Records shown section start
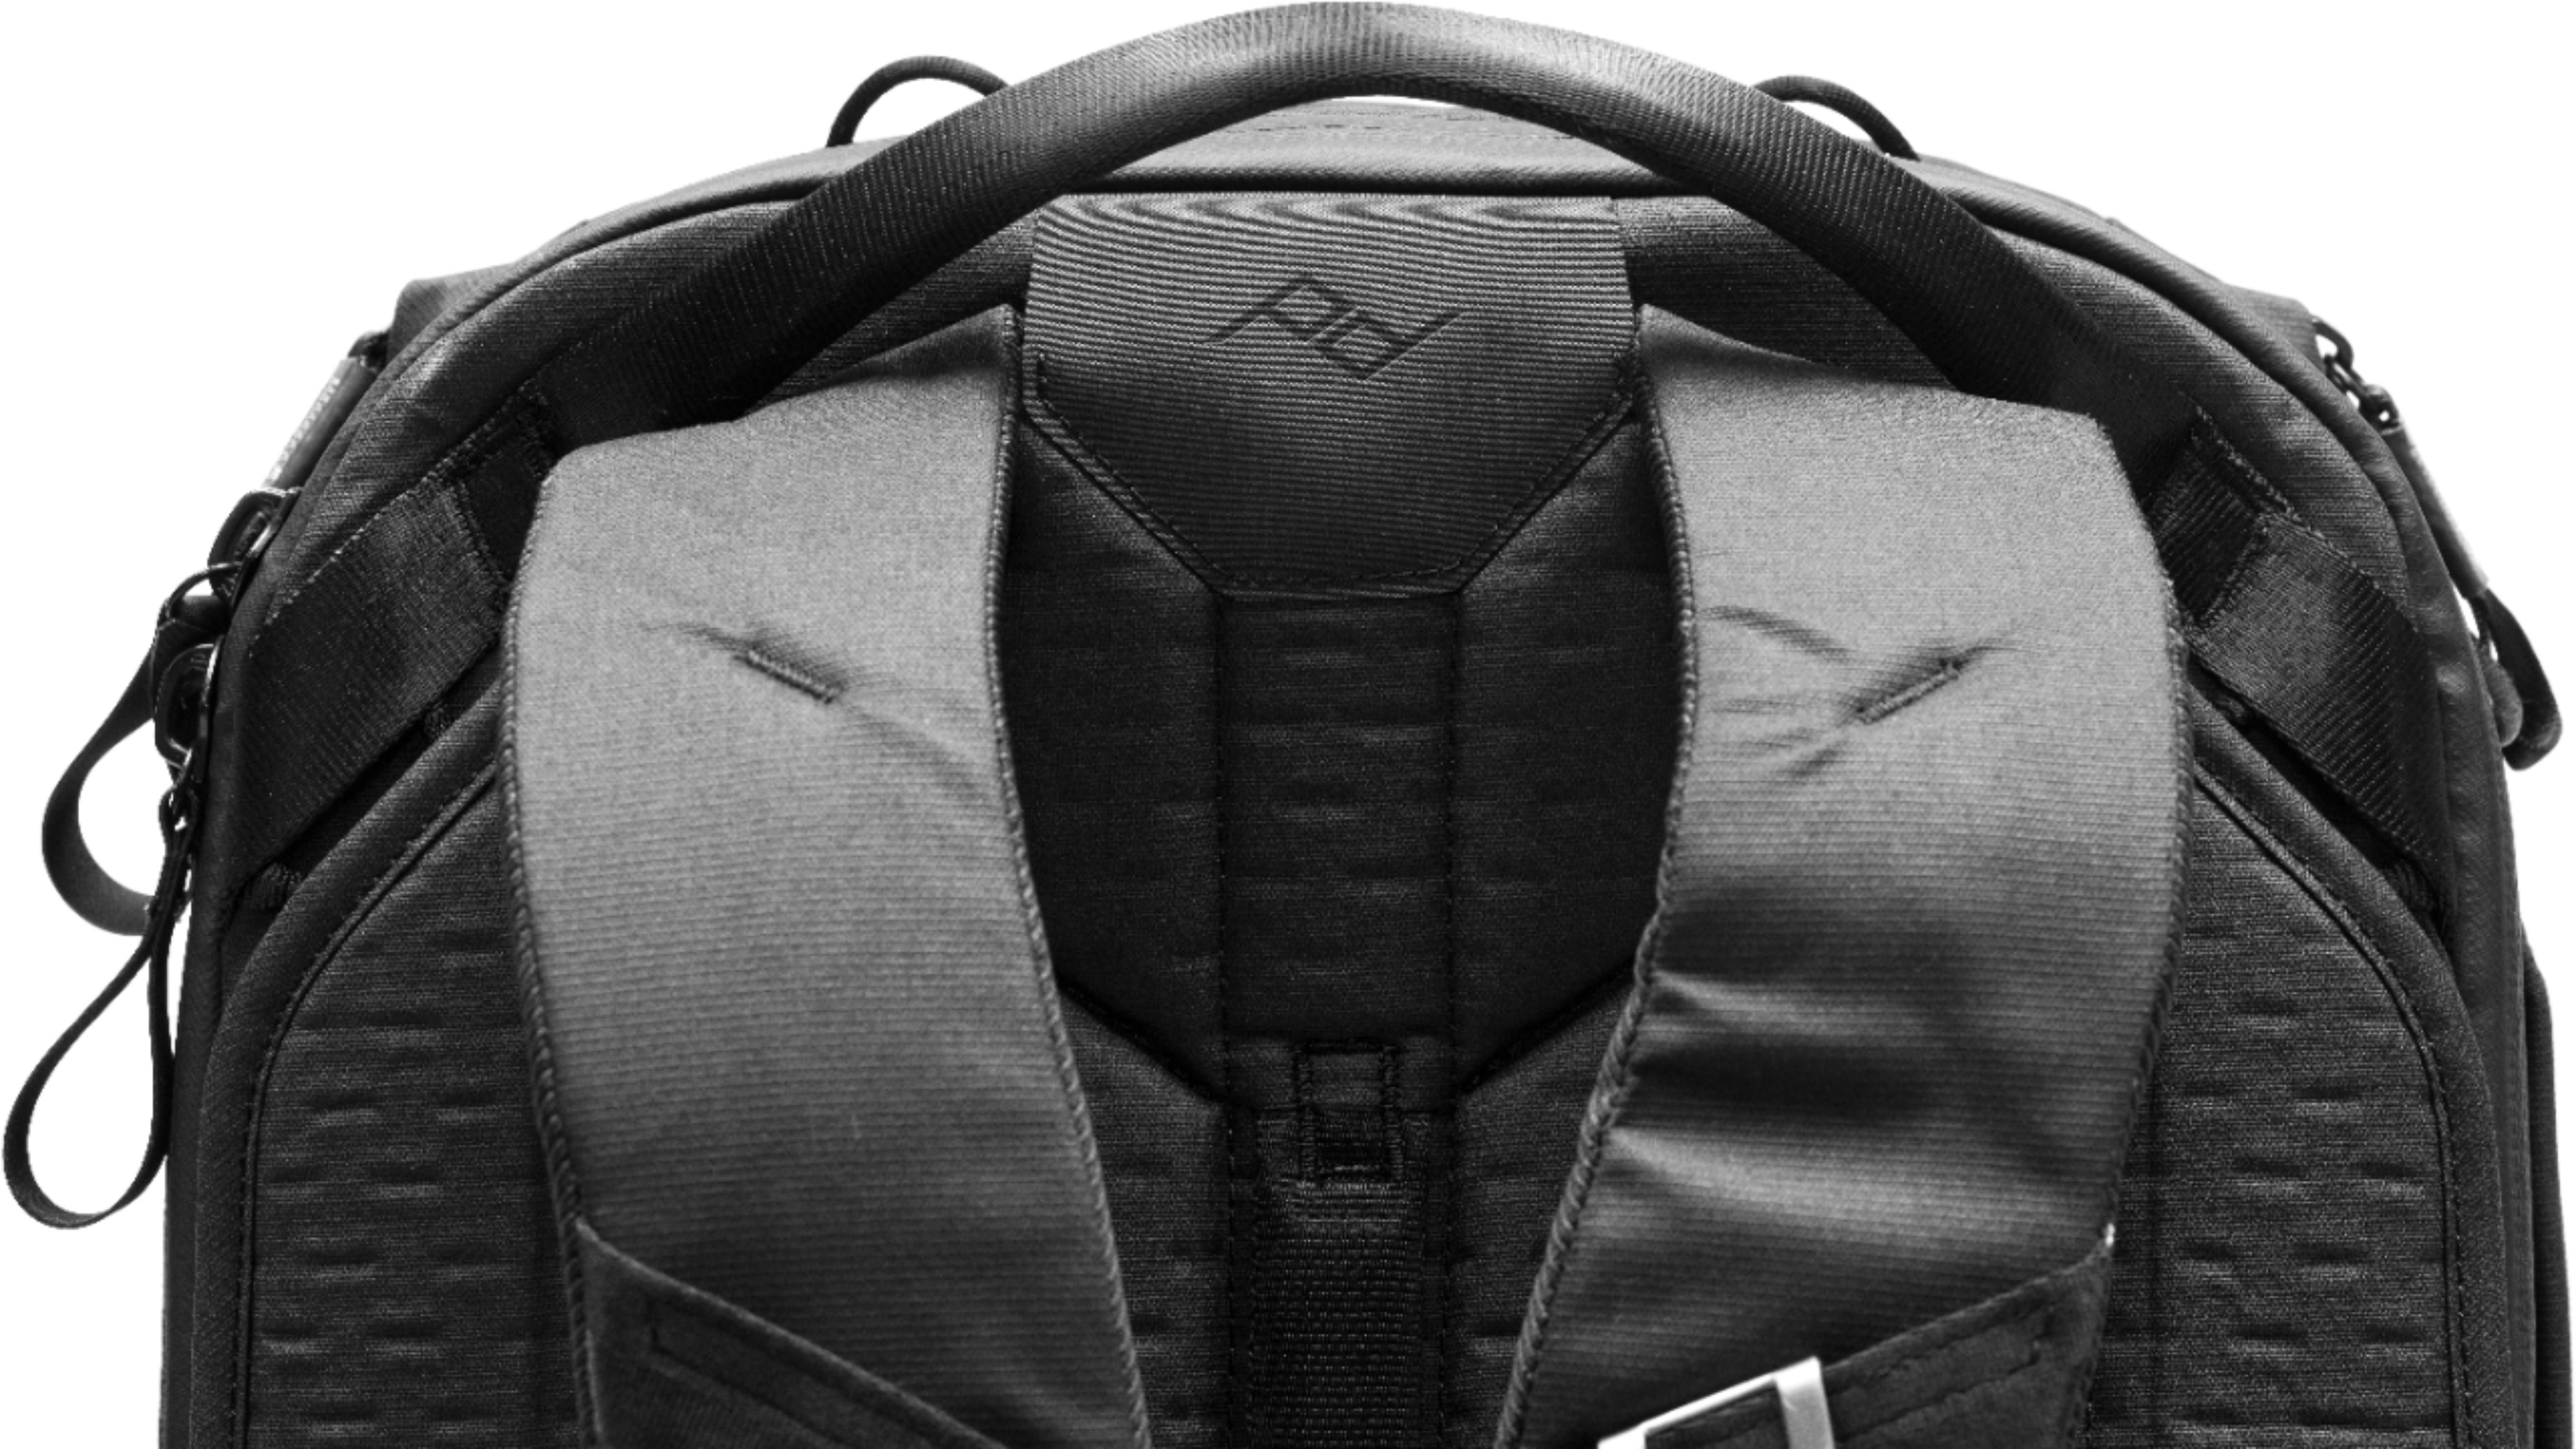 Peak Design Travel Backpack 45 L - Black
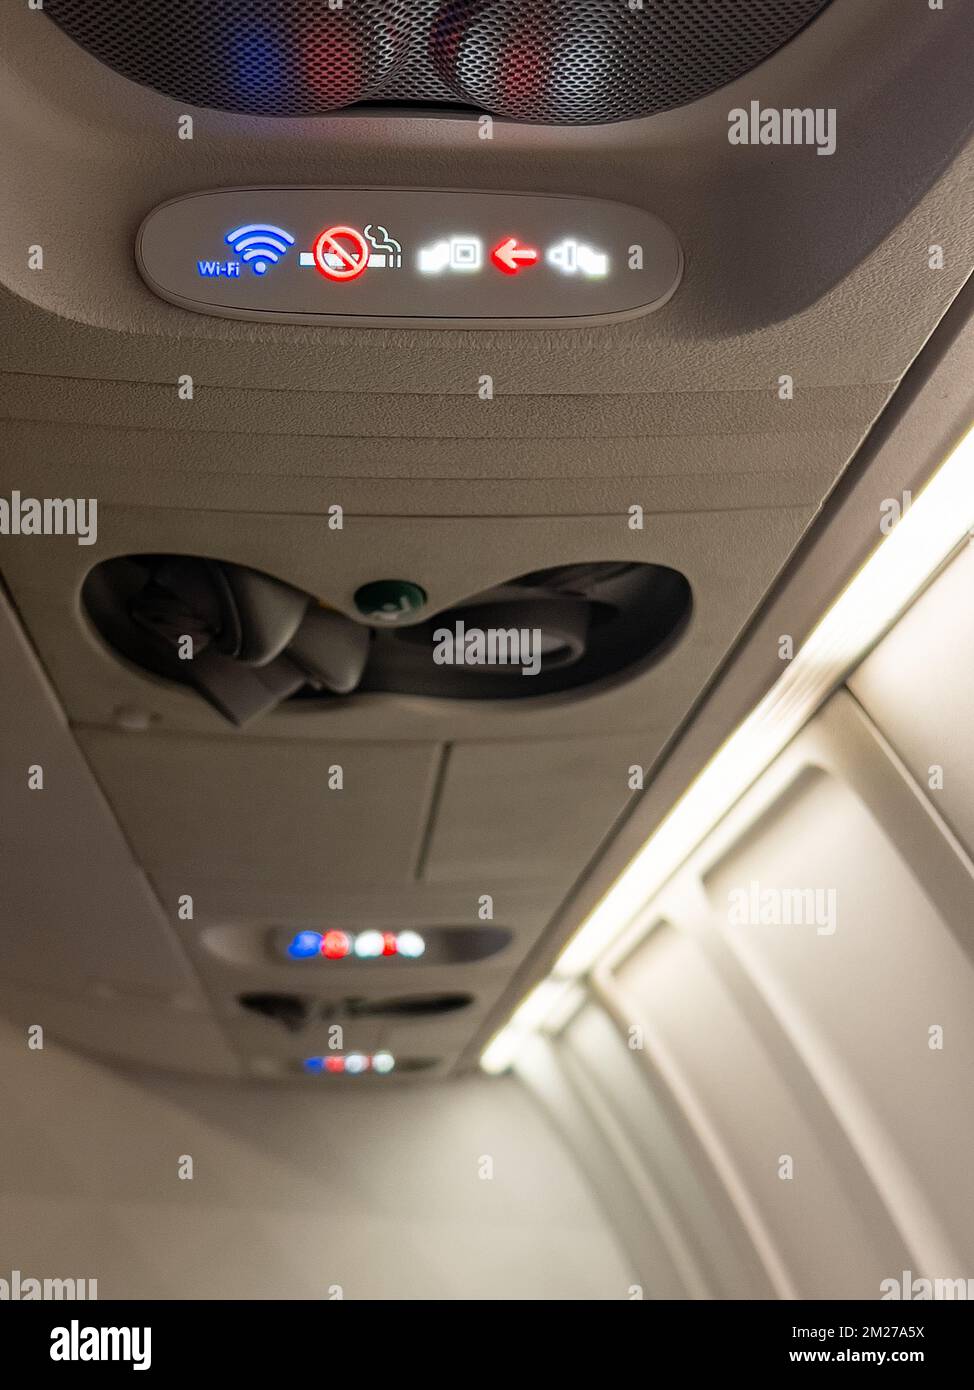 Témoins lumineux dans la cabine d'avion pour le wi-fi, l'interdiction de fumer et les ceintures de sécurité. Banque D'Images
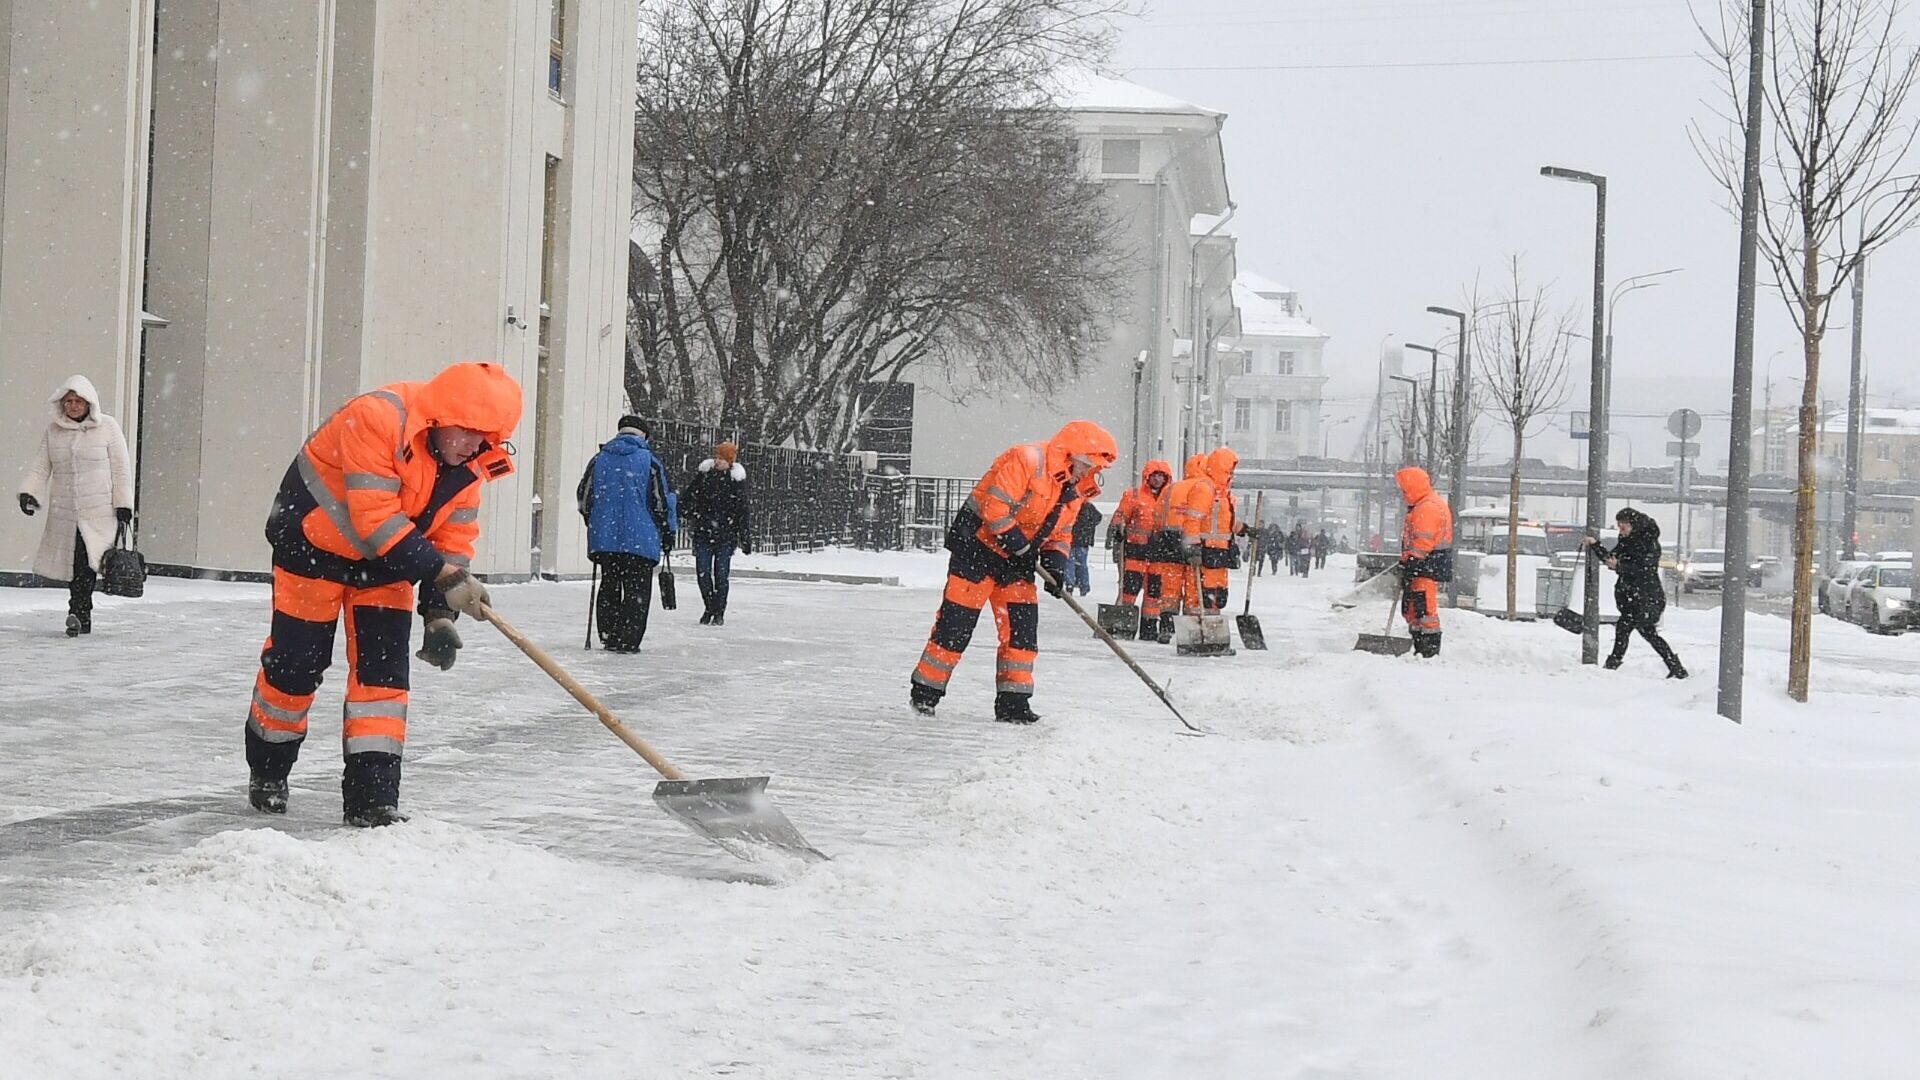 Коммунальные службы Москвы ликвидируют последствия сильного снегопада, архивное фото - Sputnik Таджикистан, 1920, 02.12.2021
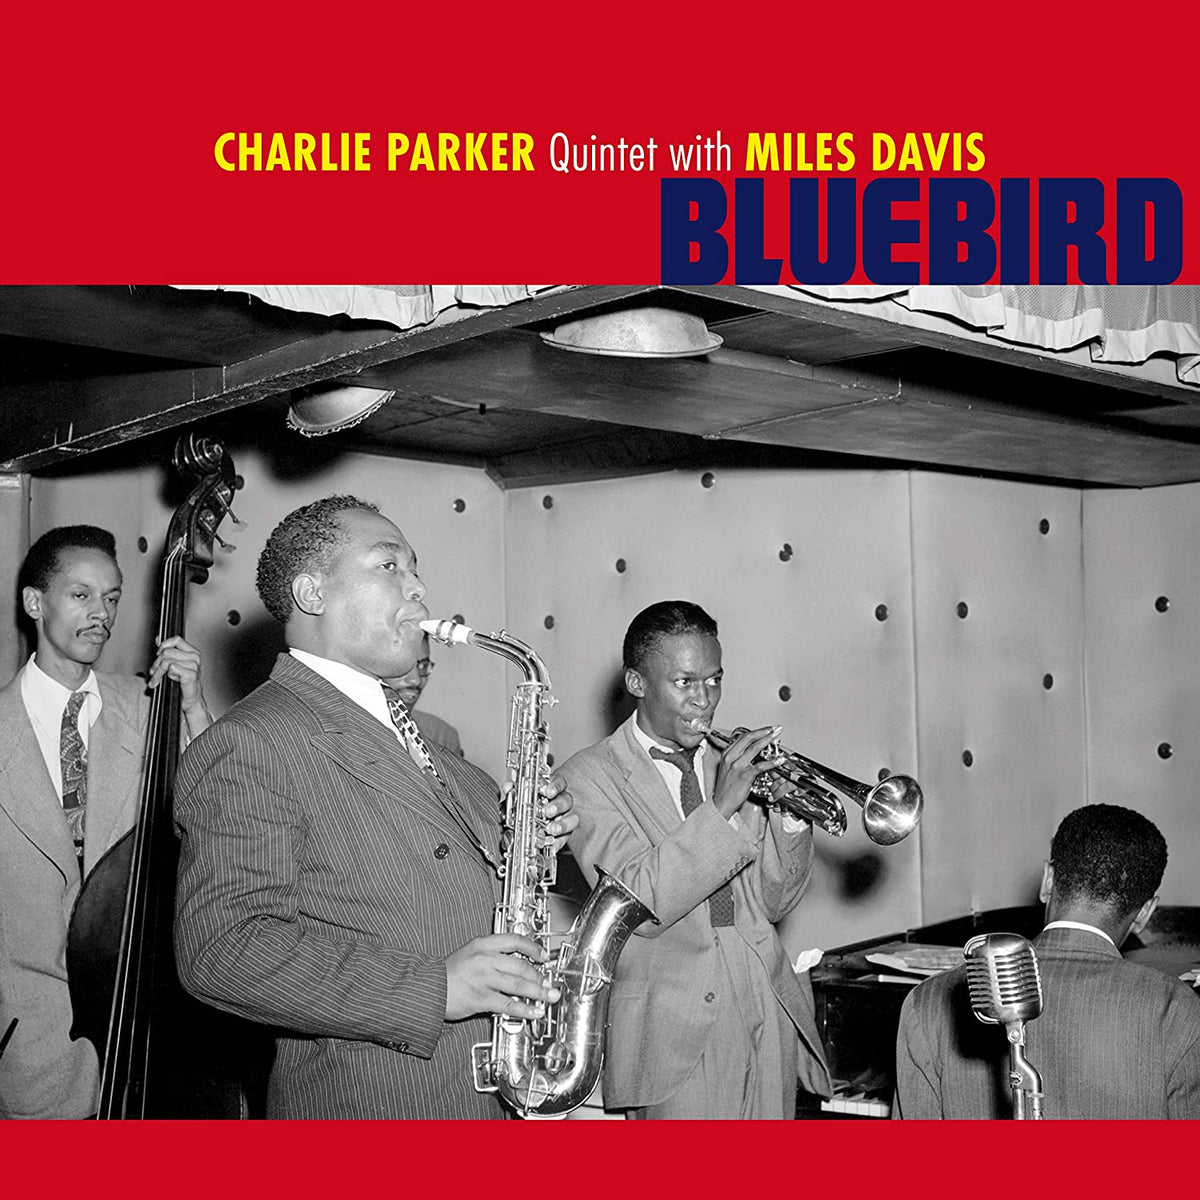 CHARLIE PARKER QUINTET WITH MILES DAVIS - BLUEBIRD [COLOUR VINYL]
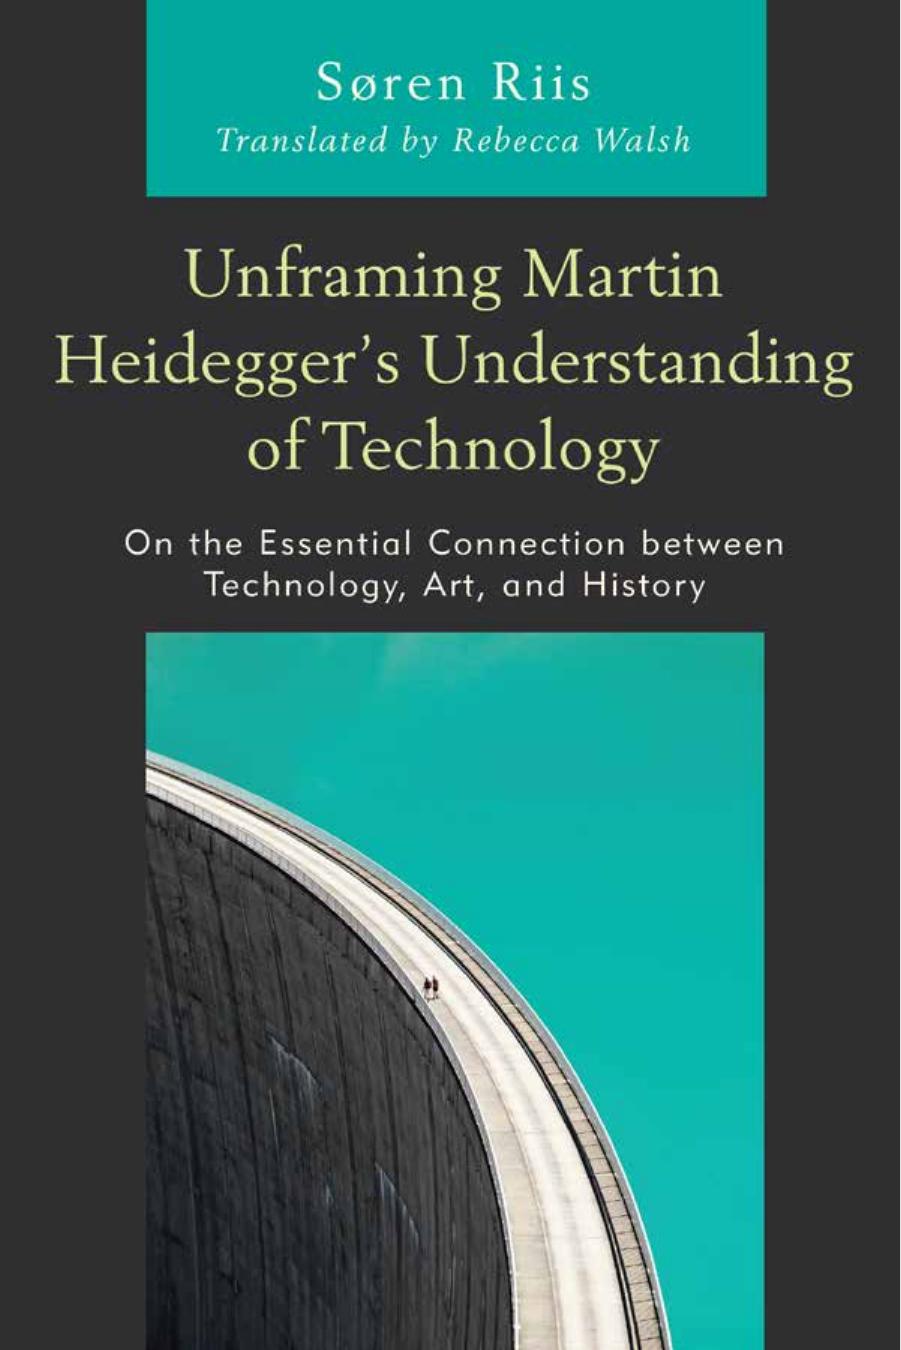 Unframing Martin Heidegger’s Understanding of Technology
Records shown section end
▸ Problem:
Copy the records exactly, leaving out every picture.

▸ The answer:
 Peak Design Travel Backpack 45 L - Black
 Témoins lumineux dans la cabine d'avion pour le wi-fi, l'interdiction de fumer et les ceintures de sécurité. Banque D'Images
 Коммунальные службы Москвы ликвидируют последствия сильного снегопада, архивное фото - Sputnik Таджикистан, 1920, 02.12.2021
 CHARLIE PARKER QUINTET WITH MILES DAVIS - BLUEBIRD [COLOUR VINYL]
 Unframing Martin Heidegger’s Understanding of Technology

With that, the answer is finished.